Let me repeat the key claims of the paper referred below as NS2013.

First recall the statement of the boundary value problem for the Navier-Stokes equation as formulated in NS2013.

Let $Q\subset R^3$ be a region of a 3-dimensional space, Let $\Omega=(0,a)\times Q$. Below we assume $Q=(-\pi,\pi)^3$ a cube with edges of length $2\pi$. Inside $\Omega$ the following equations hold. $$ \left\{ \begin{array}{l} \frac{\partial u}{\partial t} + u\cdot\nabla u = \Delta u - \nabla p + f,\\ \nabla \cdot u = 0 \end{array} \right. $$ Initial conditions are given as $u(t,x) |_{t=0} = 0$, for $x\in \bar Q$ and the boundary conditions are periodic, i.e. for $k=1,2,3$ $$\begin{array}{l} u(t,x) |_{x_k=-\pi} = u(t,x) |_{x_k=\pi},\\ p(t,x) |_{x_k=-\pi} = p(t,x) |_{x_k=\pi},\\ \left.\frac{\partial u(t,x)}{\partial x_k}\right|_{x_k=-\pi} = \left.\frac{\partial u(t,x)}{\partial x_k}\right|_{x_k=\pi} \end{array} $$ Additionally $$ \int_Q p(t,x)dx = p_0 > 0 $$

For $f\in L_2(\Omega)$ we call a solution $(u;p)$ of the problem defined above a strong solution iff the following functions are in $L_2(\Omega)$.
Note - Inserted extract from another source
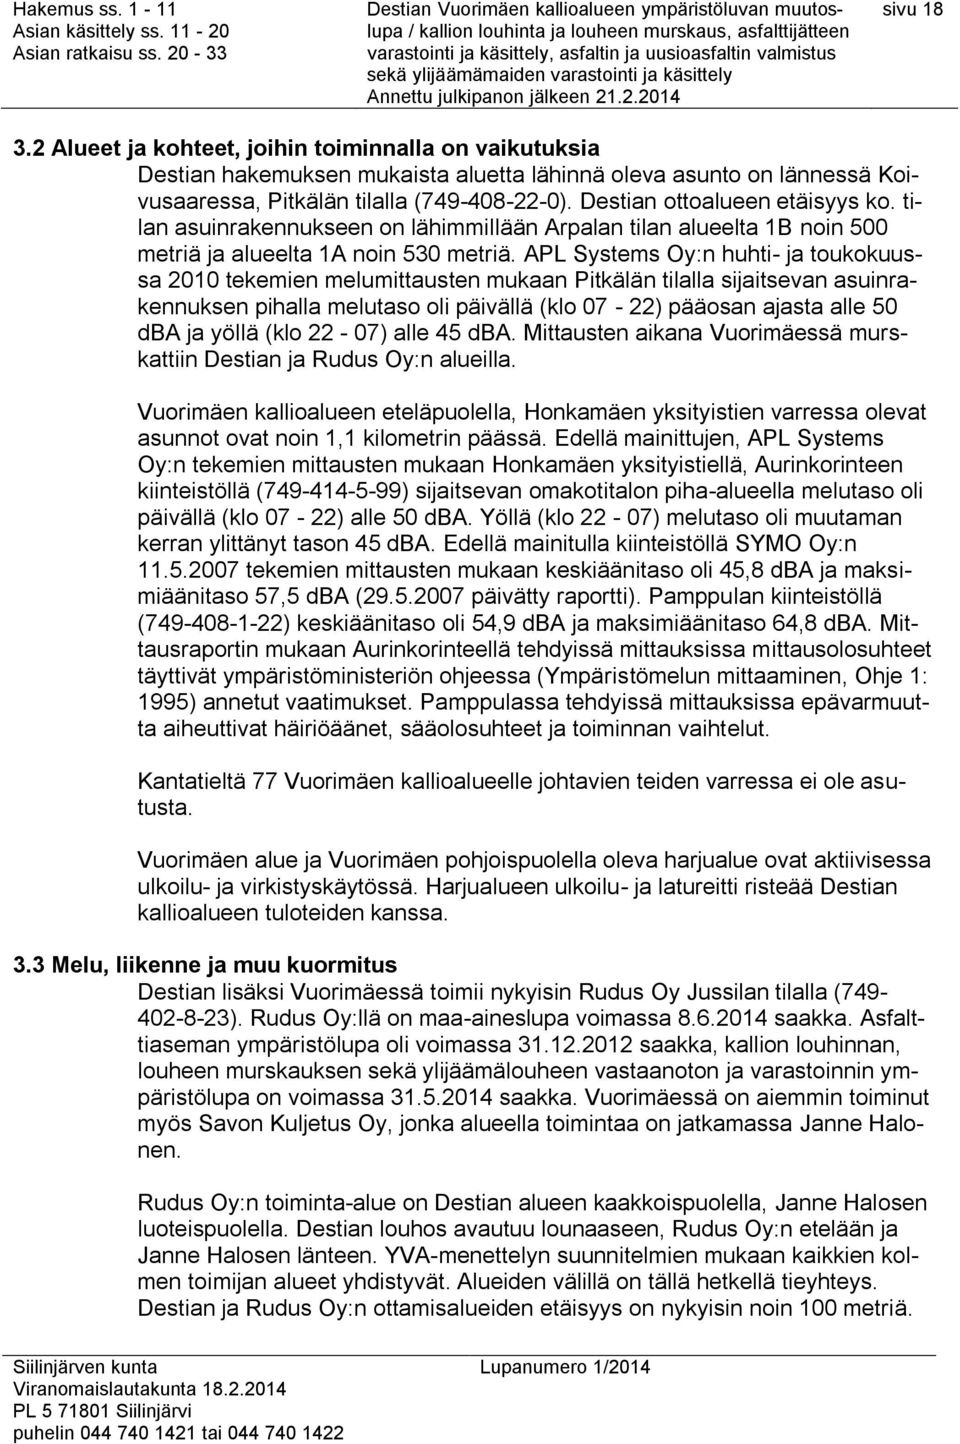 APL Systems Oy:n huhti- ja toukokuussa 2010 tekemien melumittausten mukaan Pitkälän tilalla sijaitsevan asuinrakennuksen pihalla melutaso oli päivällä (klo 07-22) pääosan ajasta alle 50 dba ja yöllä

$$ \frac{\partial u}{\partial t}, \Delta u, u\cdot \nabla u, \mathop{\textrm{grad}} p $$

And the main result in NS2013 is Theorem 1 on page 10.

For any $f\in L_2(\Omega)$ there exists a strong solution, such that $$ \left\|\frac{\partial u}{\partial t}\right\| + \|\Delta u\| + \|u\cdot \nabla u\|+ \mathop{\textrm{grad}} p \leq C (1+ \|f\|+\|f\|^l). $$ Here $\|\cdot\|$ is the $L_2$ norm and the constants $C>0$ and $l\geq 1$ do not depend on $f\in L_2$.

This looks like a difficult result yet it does not claim the existence of a smooth solution, i.e. $u\in C^\infty$. The existence of a solution in $L_2(\Omega)$ solution with a bounded norm and bounded derivatives does not imply that the solution is smooth and even that the solution does not contain discontinuities.

I reckon this is an important result but is not a solution of the Millenium problem. Possibly due to a misinterpretation of the Millenium problem statement. However my confidence level in this conclusion is far below 100%.

Update: there is a community project to translate the paper initiated by Misha Wolfson, available on GitHub

Update 2: The search for solutions of Navier-Stokes equations in $L_2$ follows the manifest stated by Olga Ladyzhenskaya in her 2003 introduction to the Sixth problem of the millennium [1]. She writes that the key problem regarding Navier-Stokes is whether the equations together with initial and boundary conditions provide a deterministic description of the dynamics of incompressible fluid. And in answering this question the researcher should not be constrained by infinite or any other differentiability restrictions on the solution.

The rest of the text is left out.